_How to complete this task:_
Take the lines from the one with "ILLUSTRATION DISSECTION FOOT" through the end of the material below and repeat them exactly, dropping every picture.

_Recorded data:_
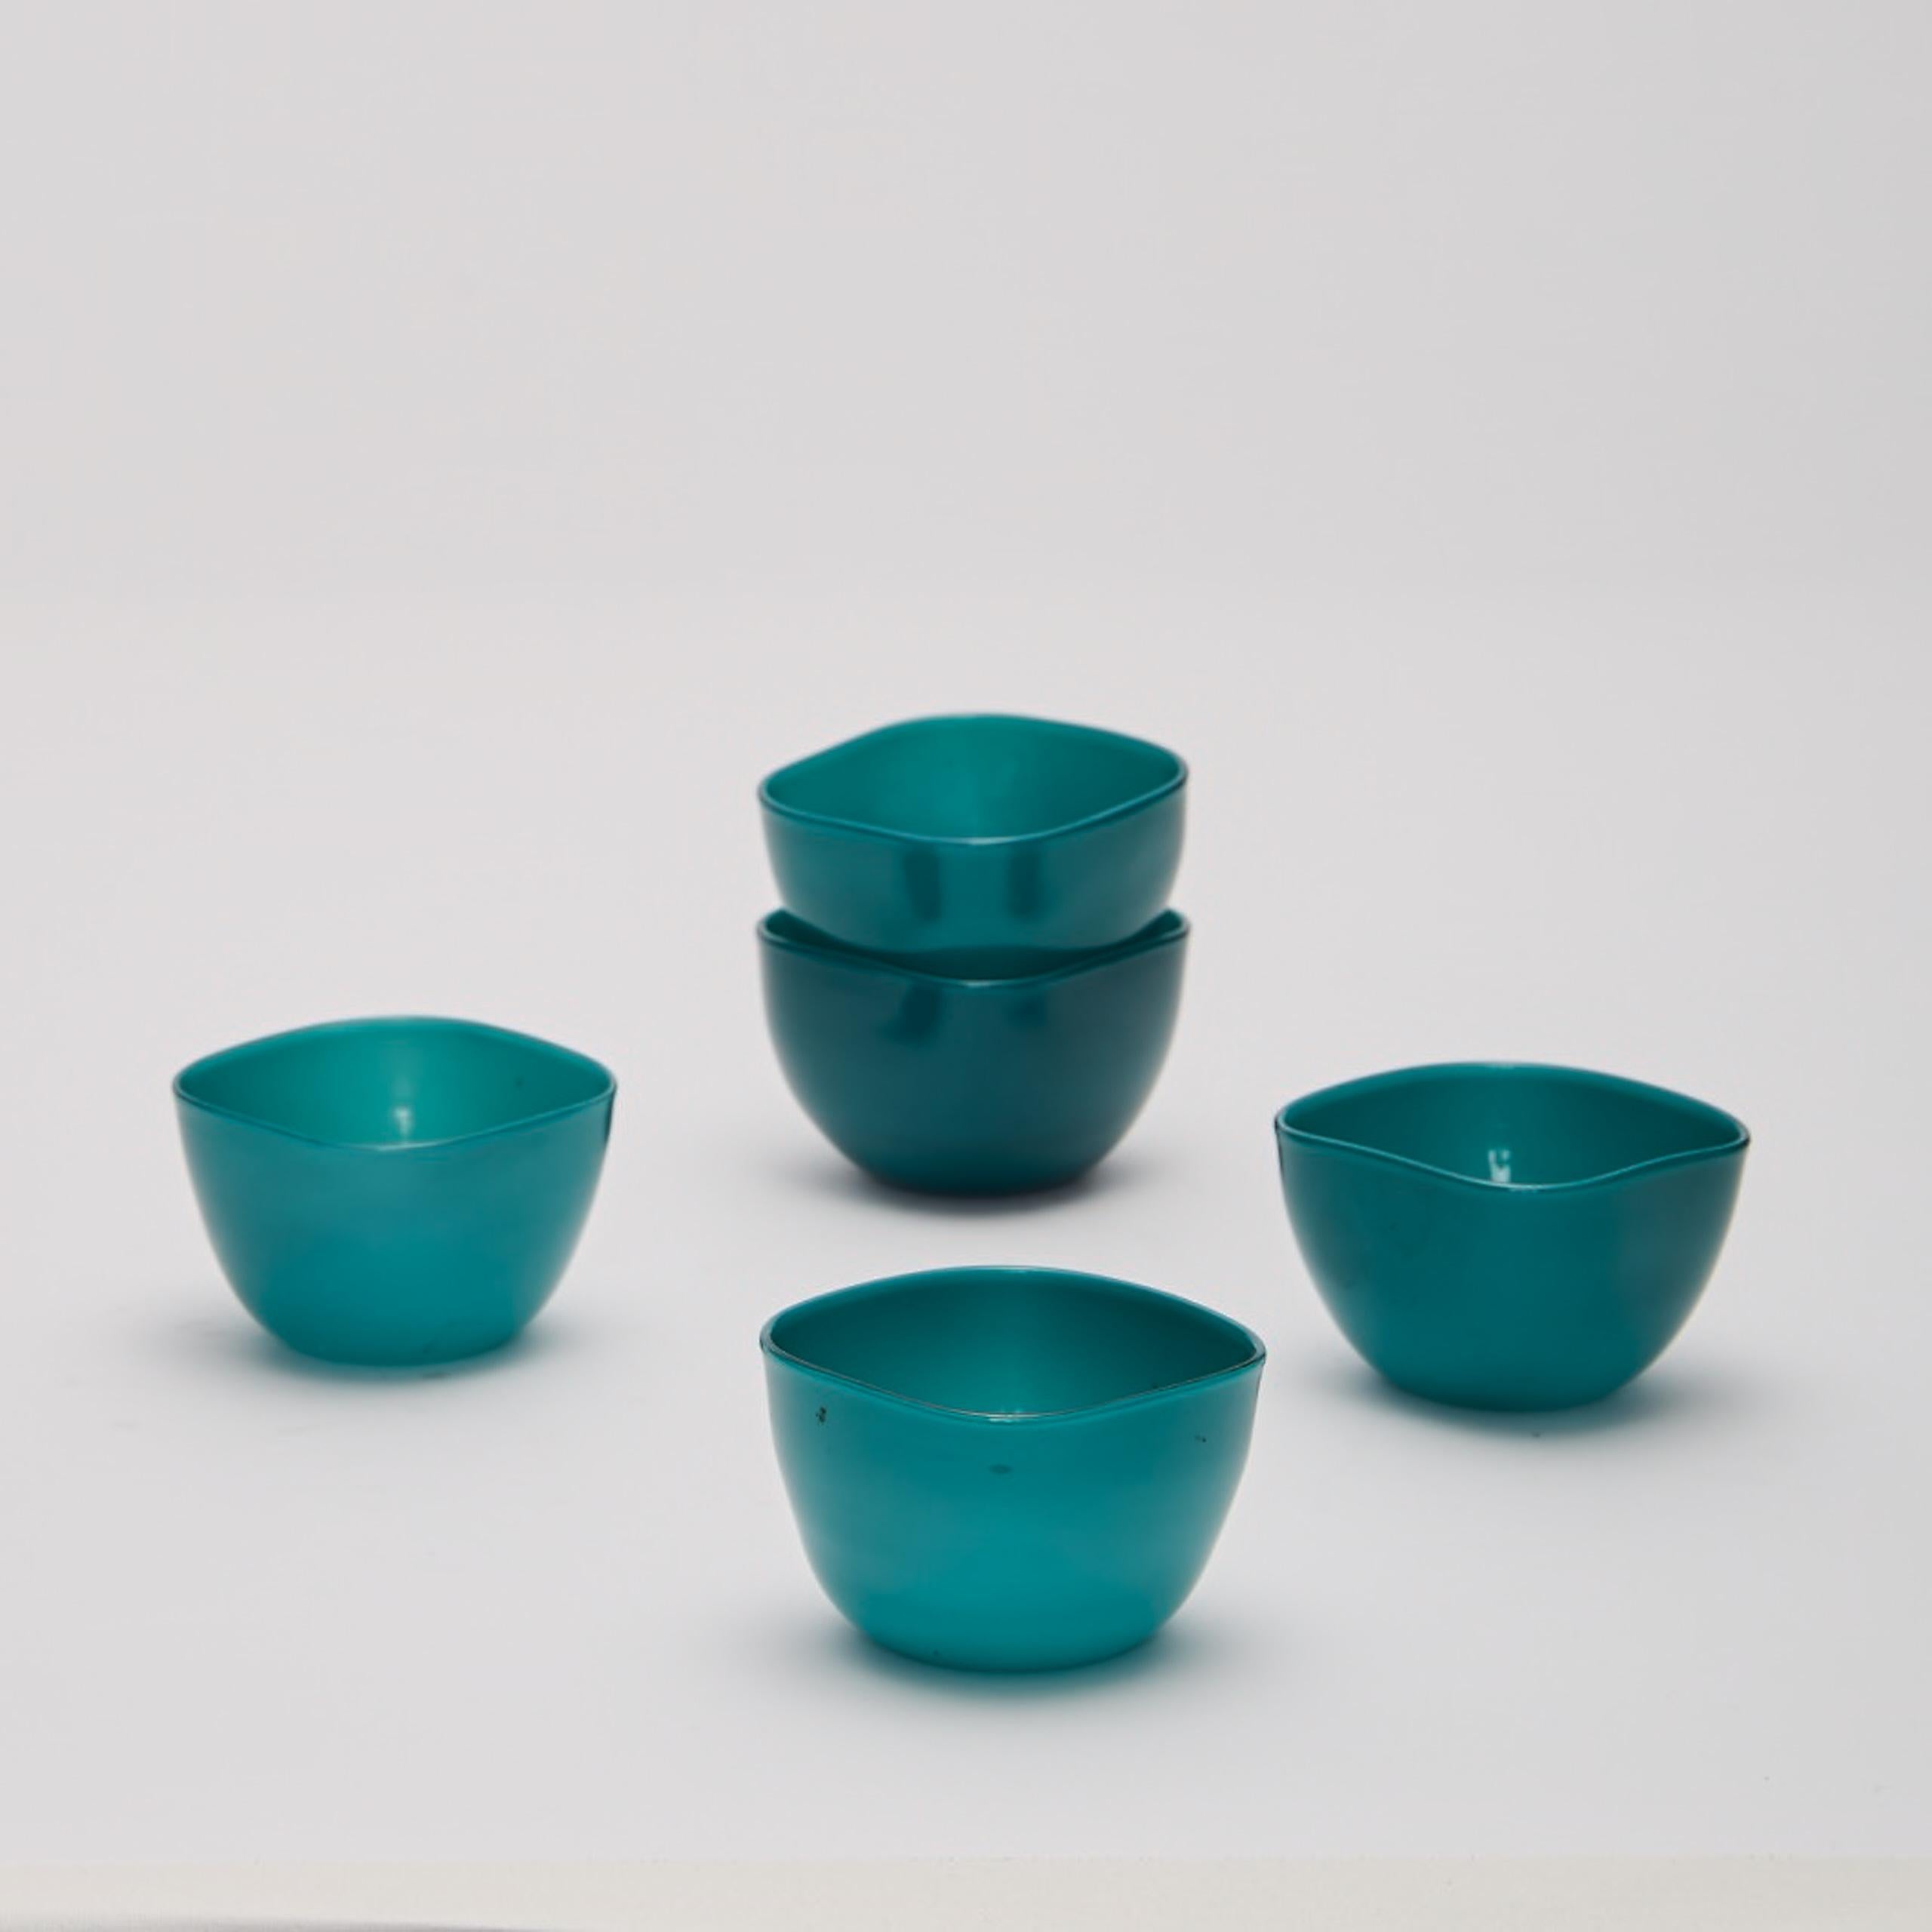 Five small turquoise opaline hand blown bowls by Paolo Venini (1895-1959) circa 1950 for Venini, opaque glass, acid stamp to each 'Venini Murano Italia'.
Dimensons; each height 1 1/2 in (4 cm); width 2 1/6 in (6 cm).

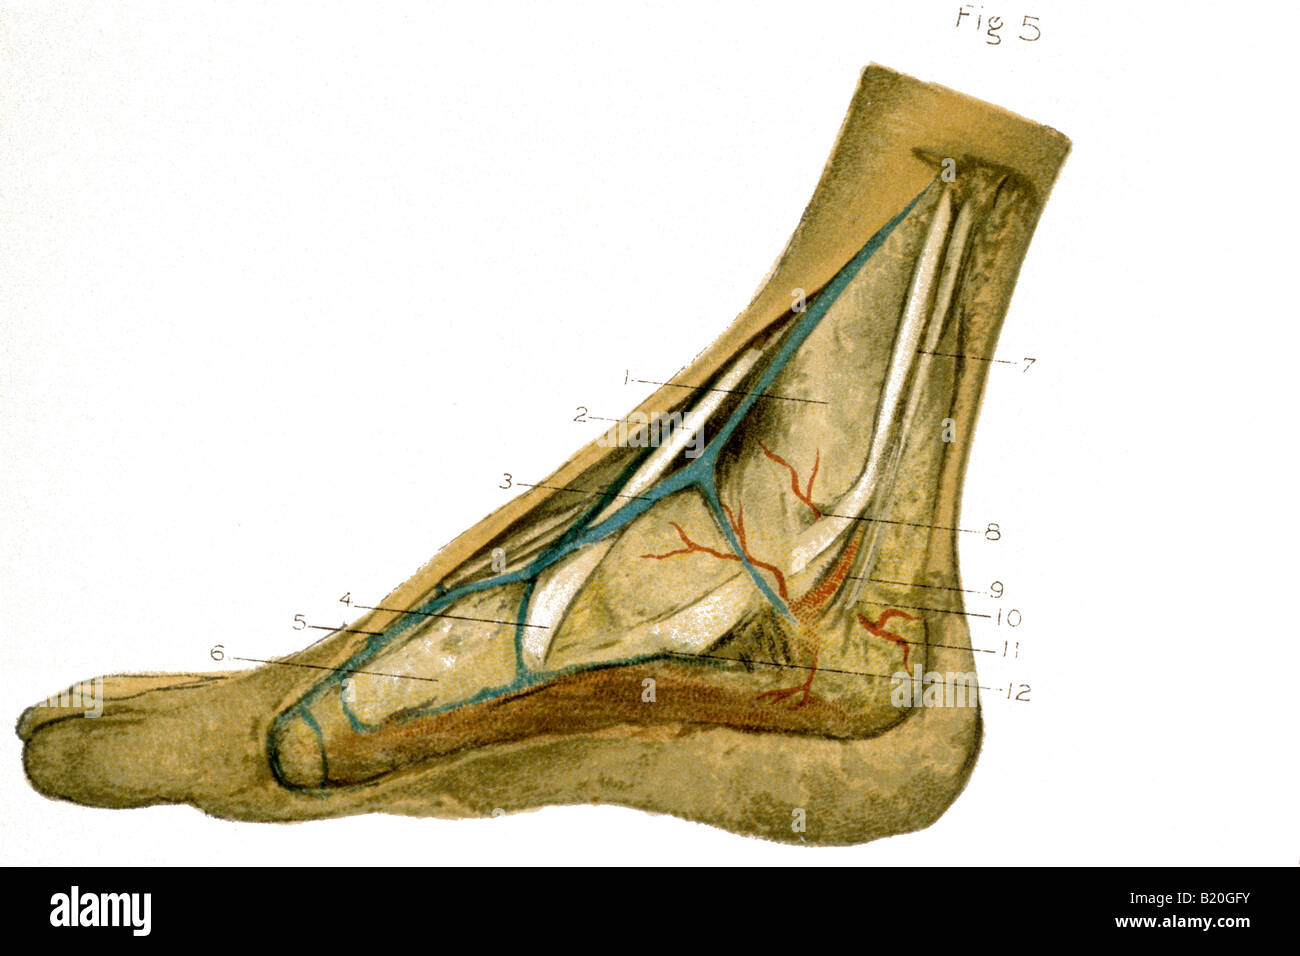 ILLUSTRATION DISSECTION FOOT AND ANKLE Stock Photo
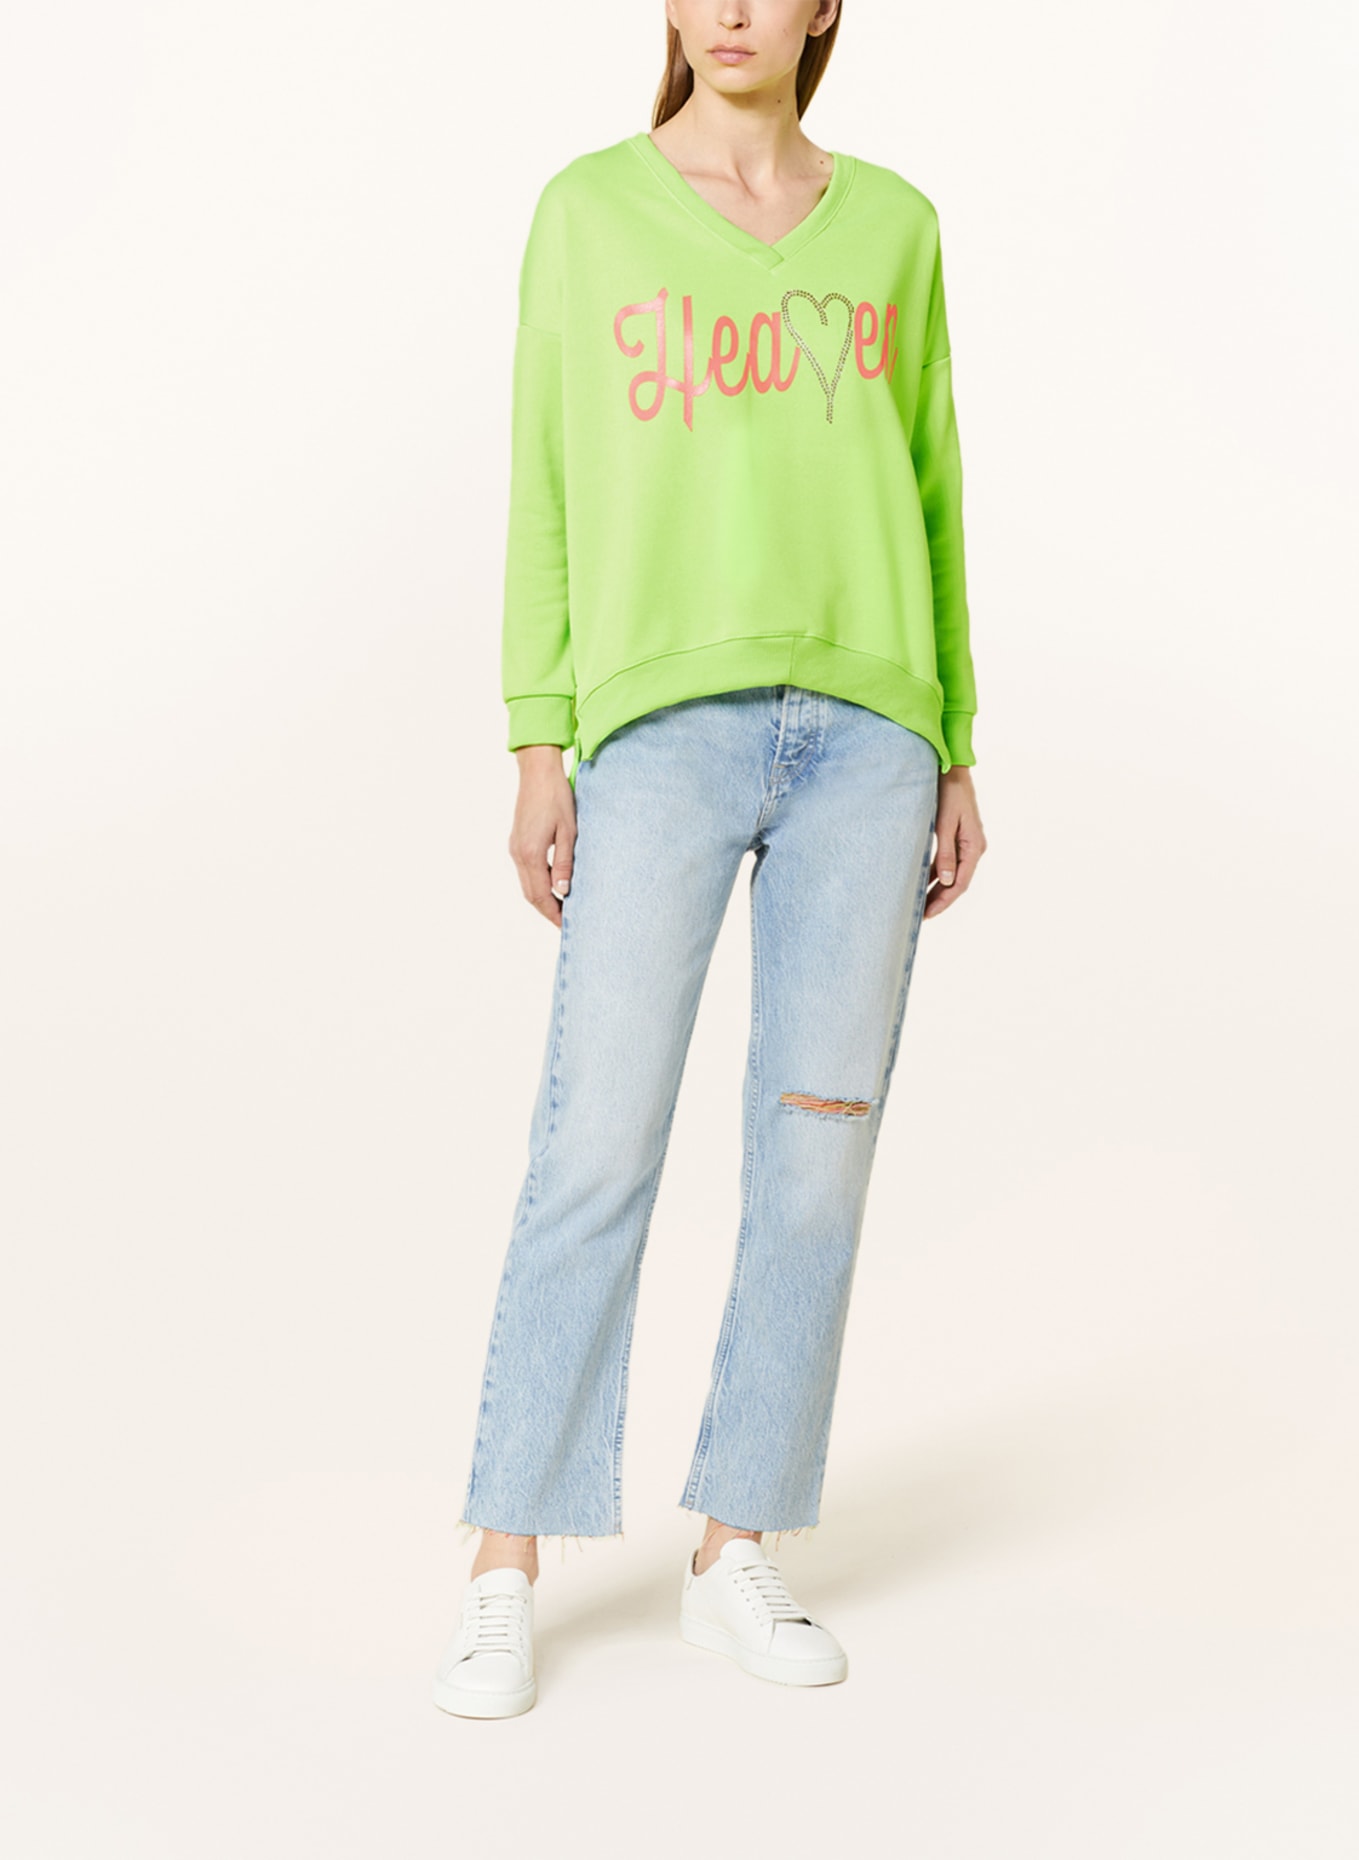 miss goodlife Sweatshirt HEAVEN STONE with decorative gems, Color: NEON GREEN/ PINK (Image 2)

_Exercise output:_
 ILLUSTRATION DISSECTION FOOT AND ANKLE Stock Photo
 miss goodlife Sweatshirt HEAVEN STONE with decorative gems, Color: NEON GREEN/ PINK (Image 2)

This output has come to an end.